## Problem requirements
Retype the listing found below exactly, but leave out each picture.

## Data section
☆ ☆ ☆ ☆

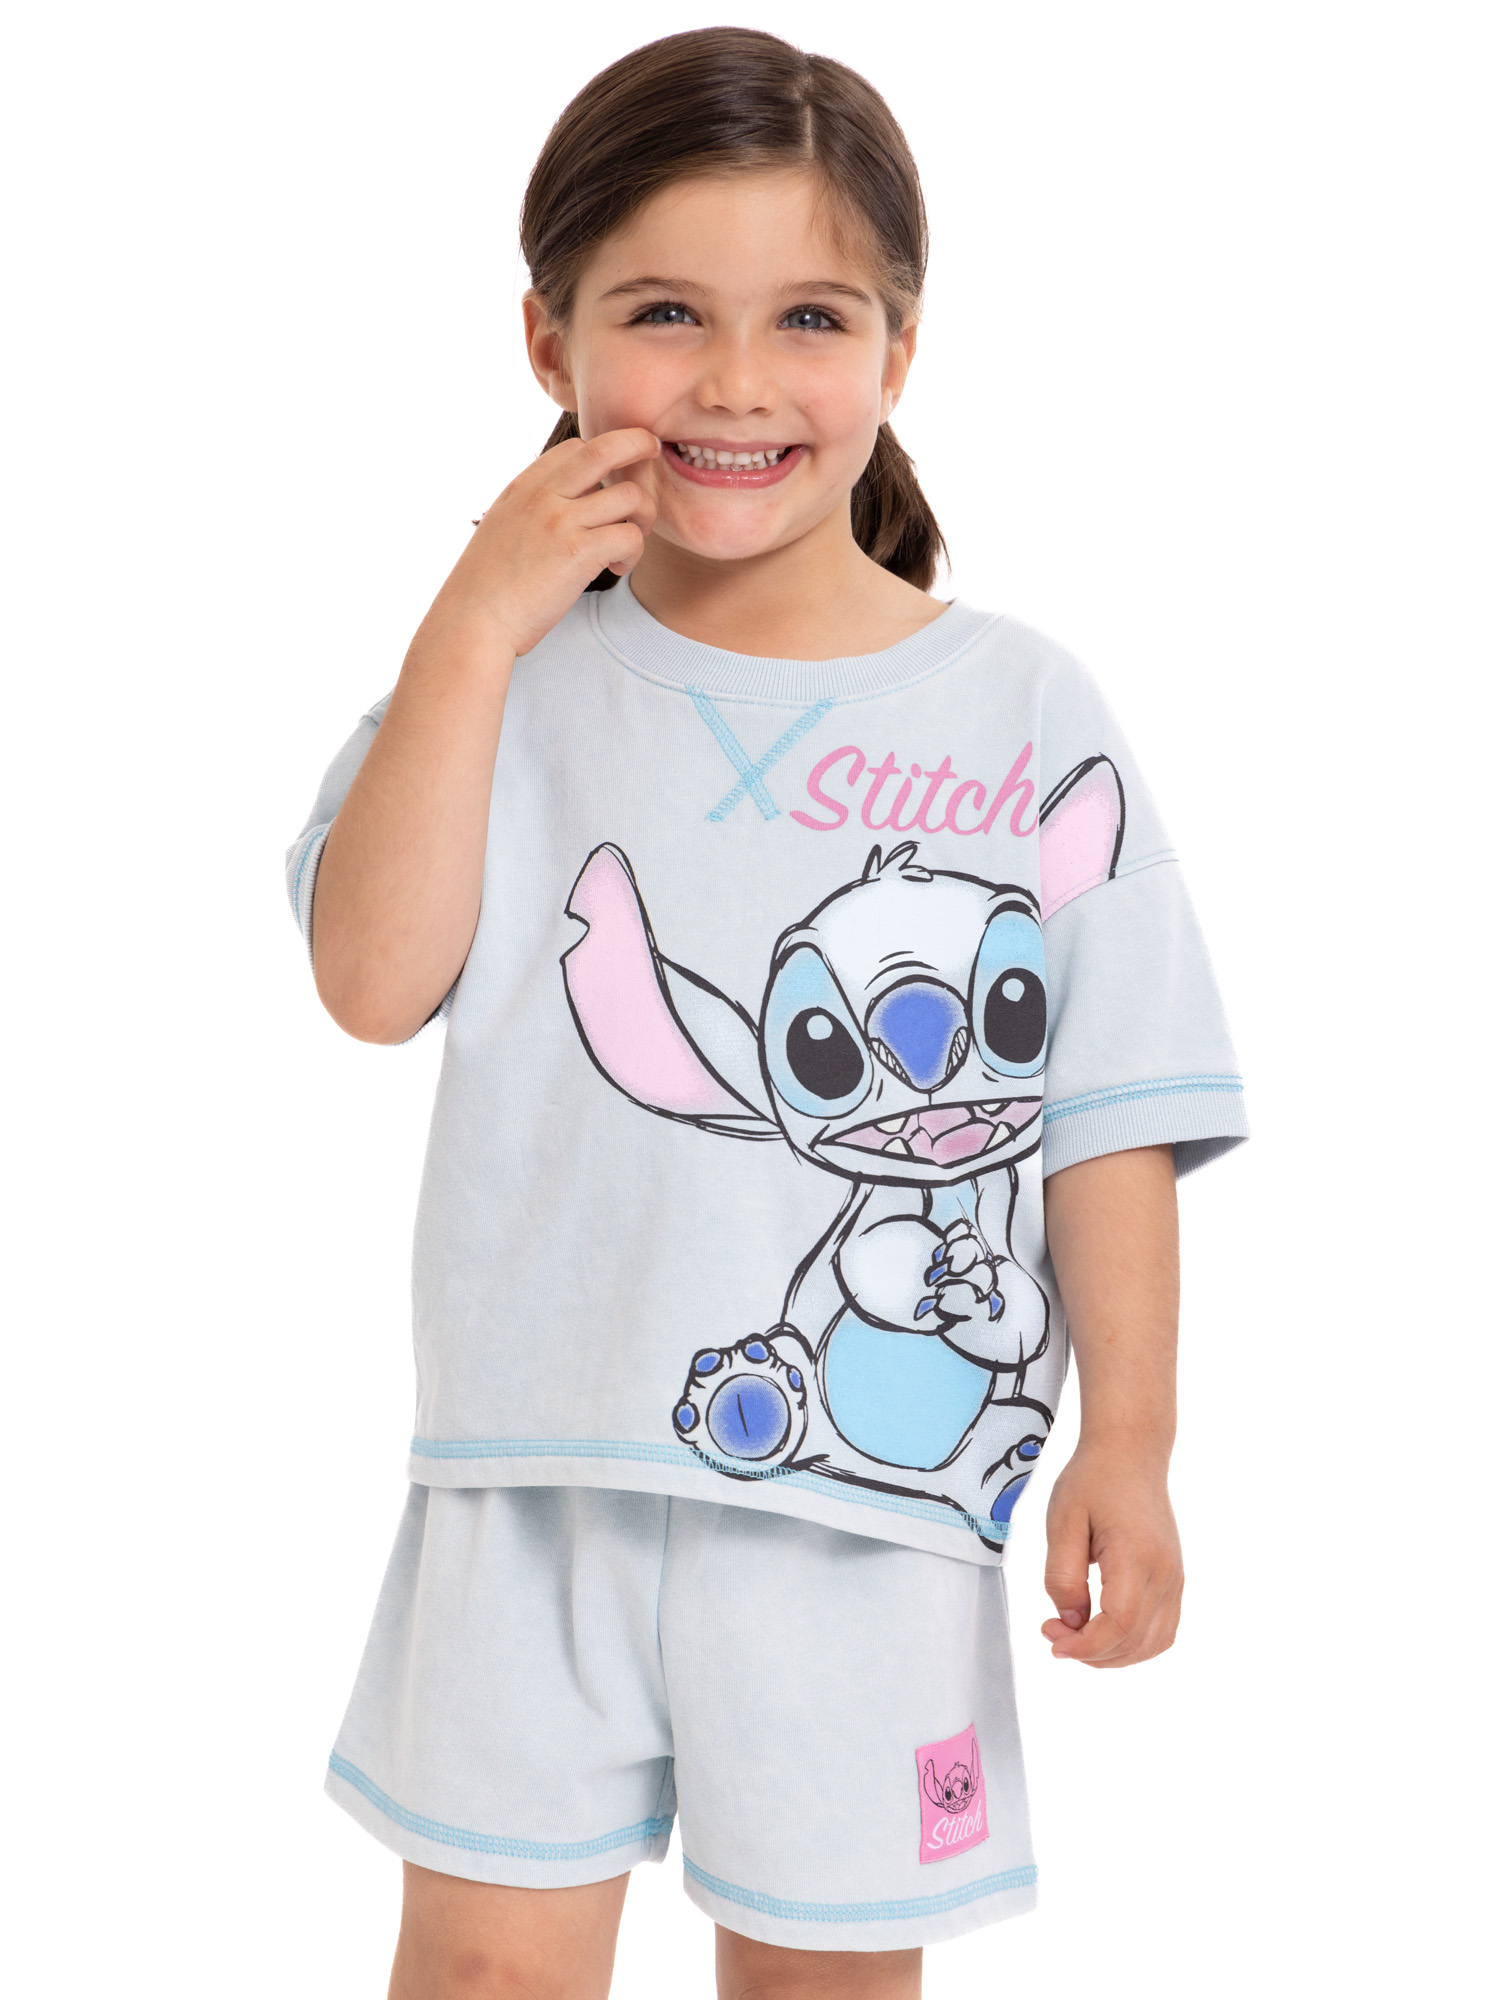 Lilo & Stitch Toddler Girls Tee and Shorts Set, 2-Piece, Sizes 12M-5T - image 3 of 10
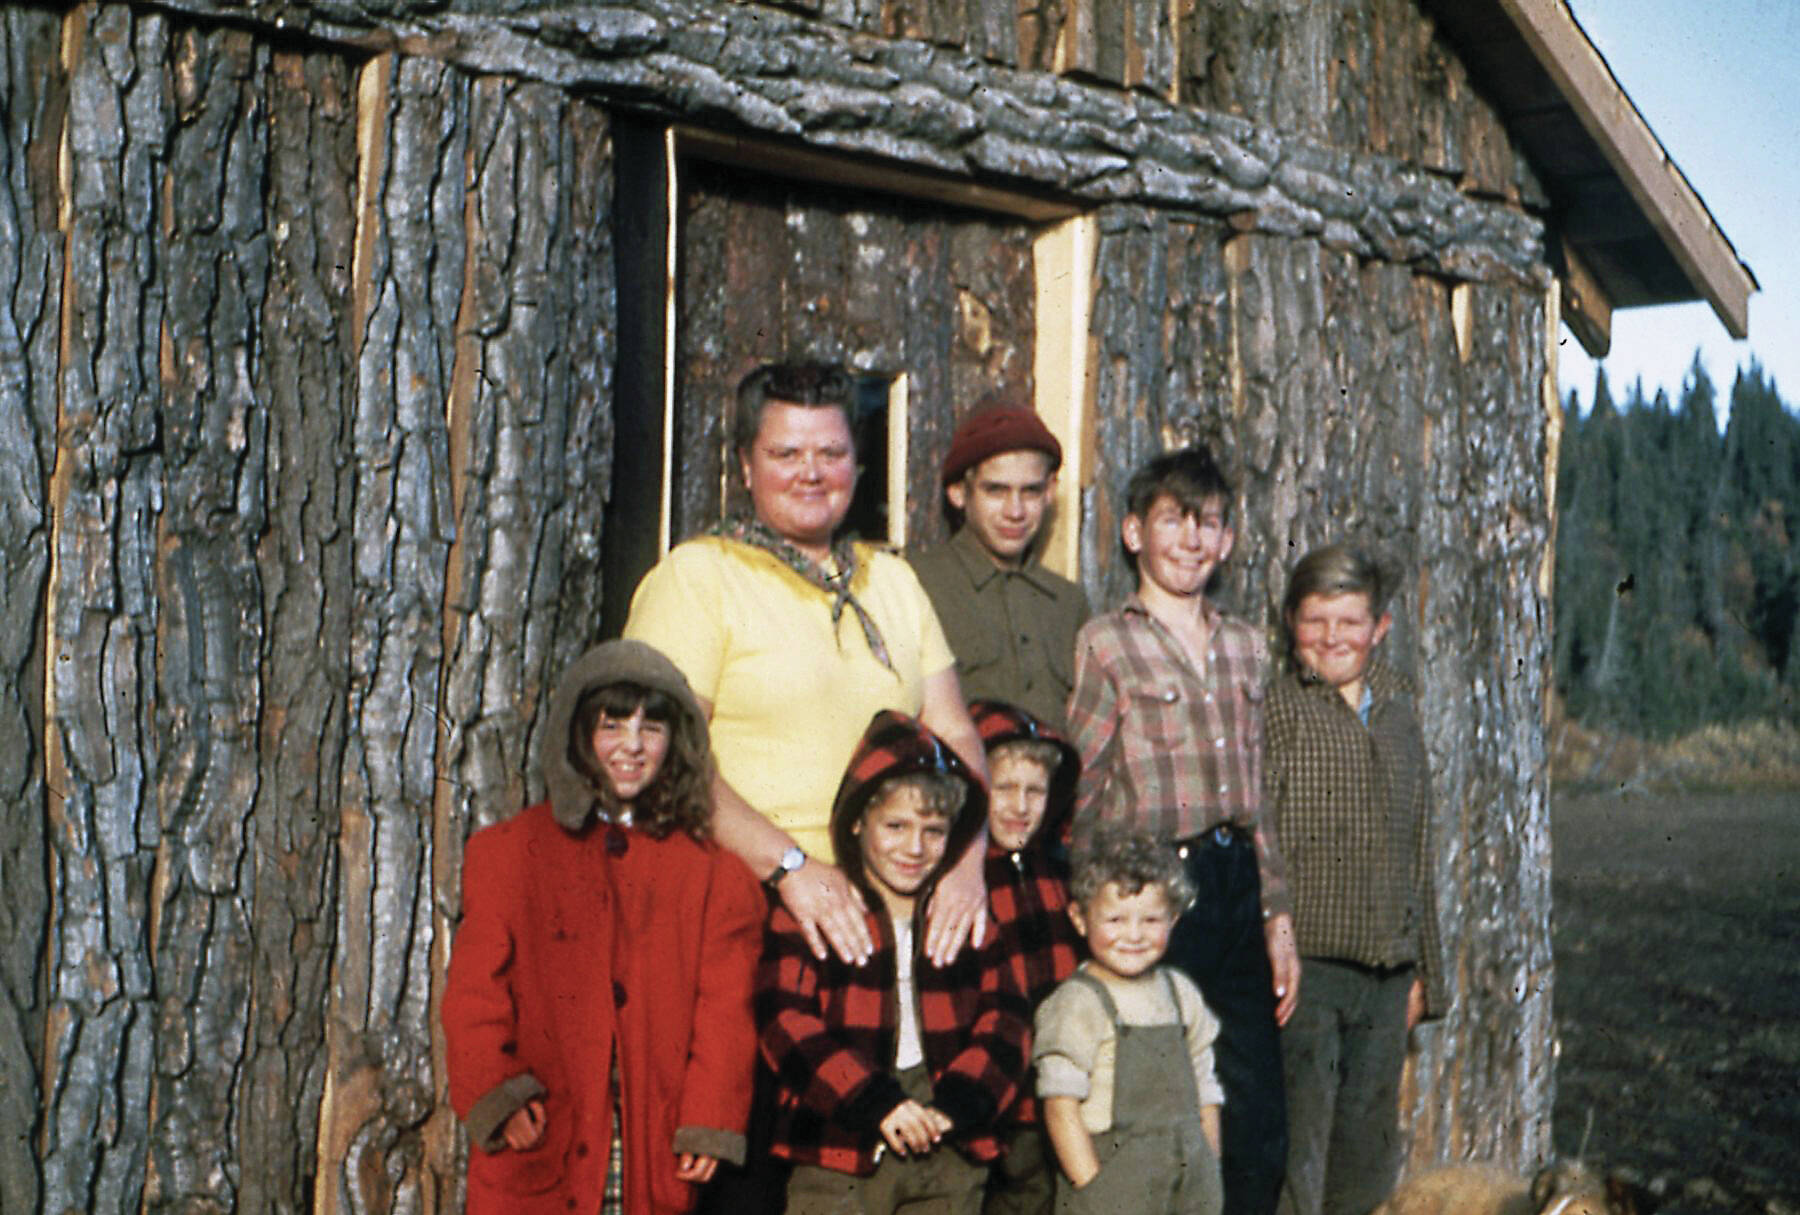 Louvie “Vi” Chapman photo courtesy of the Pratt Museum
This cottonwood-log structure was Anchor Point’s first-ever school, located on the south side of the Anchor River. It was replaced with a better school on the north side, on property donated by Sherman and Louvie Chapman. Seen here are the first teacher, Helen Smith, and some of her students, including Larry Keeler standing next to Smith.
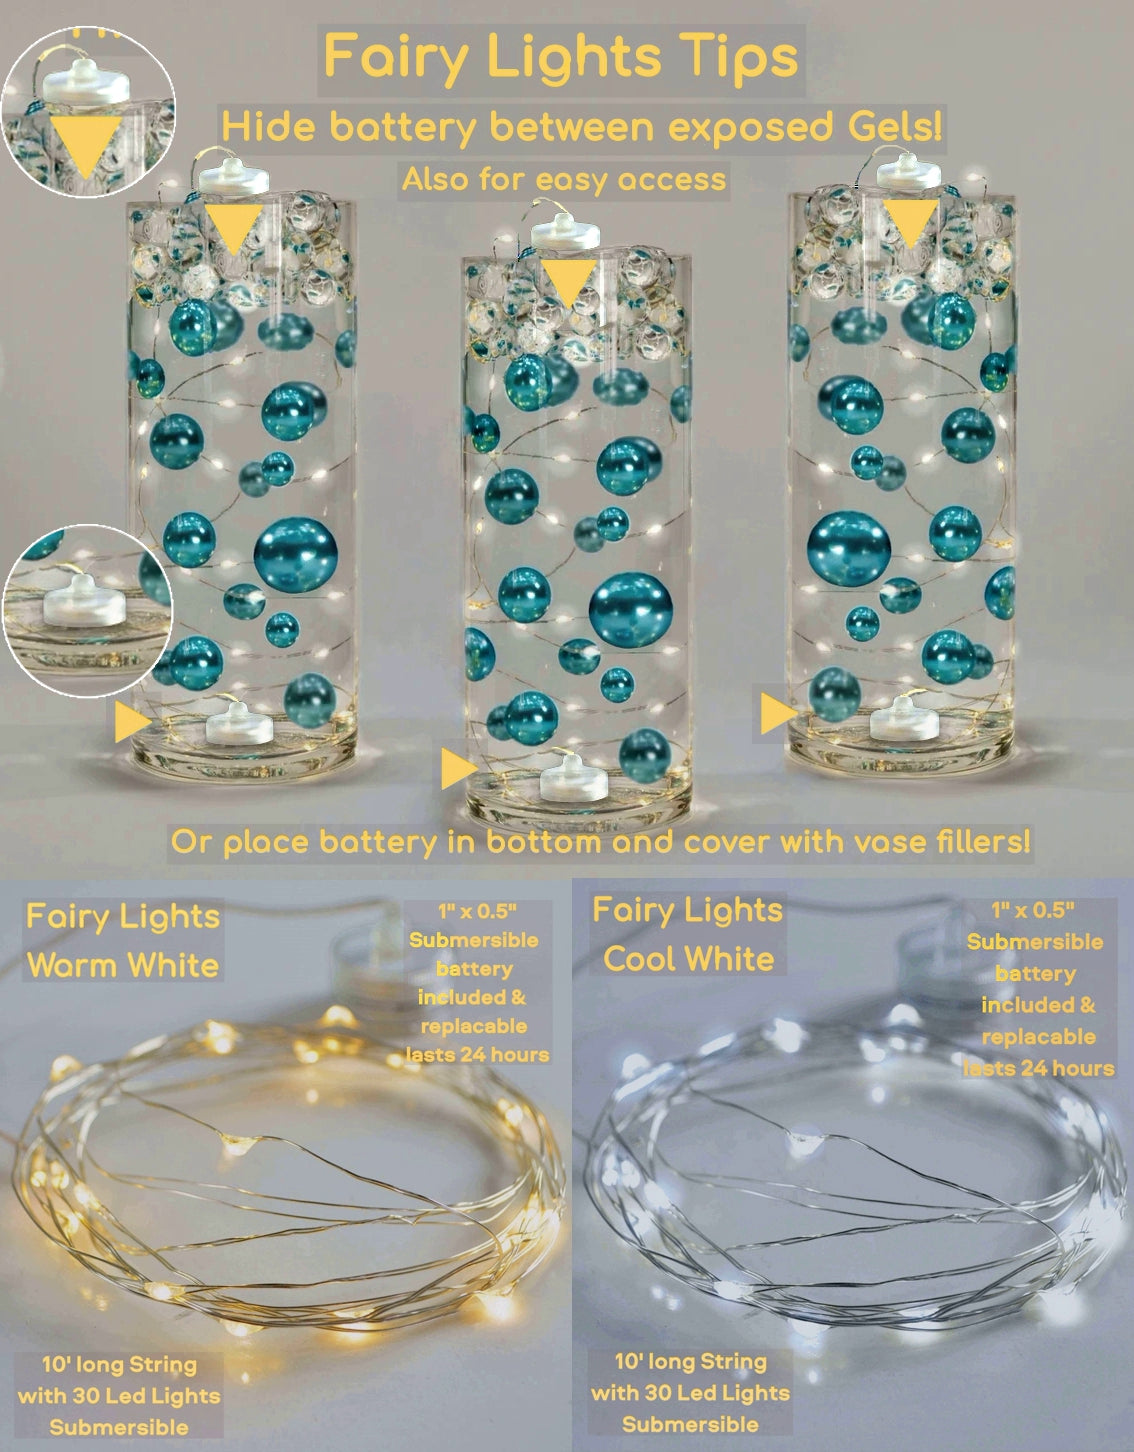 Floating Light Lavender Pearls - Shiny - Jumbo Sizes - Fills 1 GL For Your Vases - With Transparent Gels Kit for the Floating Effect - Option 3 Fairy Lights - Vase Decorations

☆ ☆ ☆ ☆

## Solved exercise
 Lilo & Stitch Toddler Girls Tee and Shorts Set, 2-Piece, Sizes 12M-5T - image 3 of 10
 Louvie “Vi” Chapman photo courtesy of the Pratt Museum
This cottonwood-log structure was Anchor Point’s first-ever school, located on the south side of the Anchor River. It was replaced with a better school on the north side, on property donated by Sherman and Louvie Chapman. Seen here are the first teacher, Helen Smith, and some of her students, including Larry Keeler standing next to Smith.
 Floating Light Lavender Pearls - Shiny - Jumbo Sizes - Fills 1 GL For Your Vases - With Transparent Gels Kit for the Floating Effect - Option 3 Fairy Lights - Vase Decorations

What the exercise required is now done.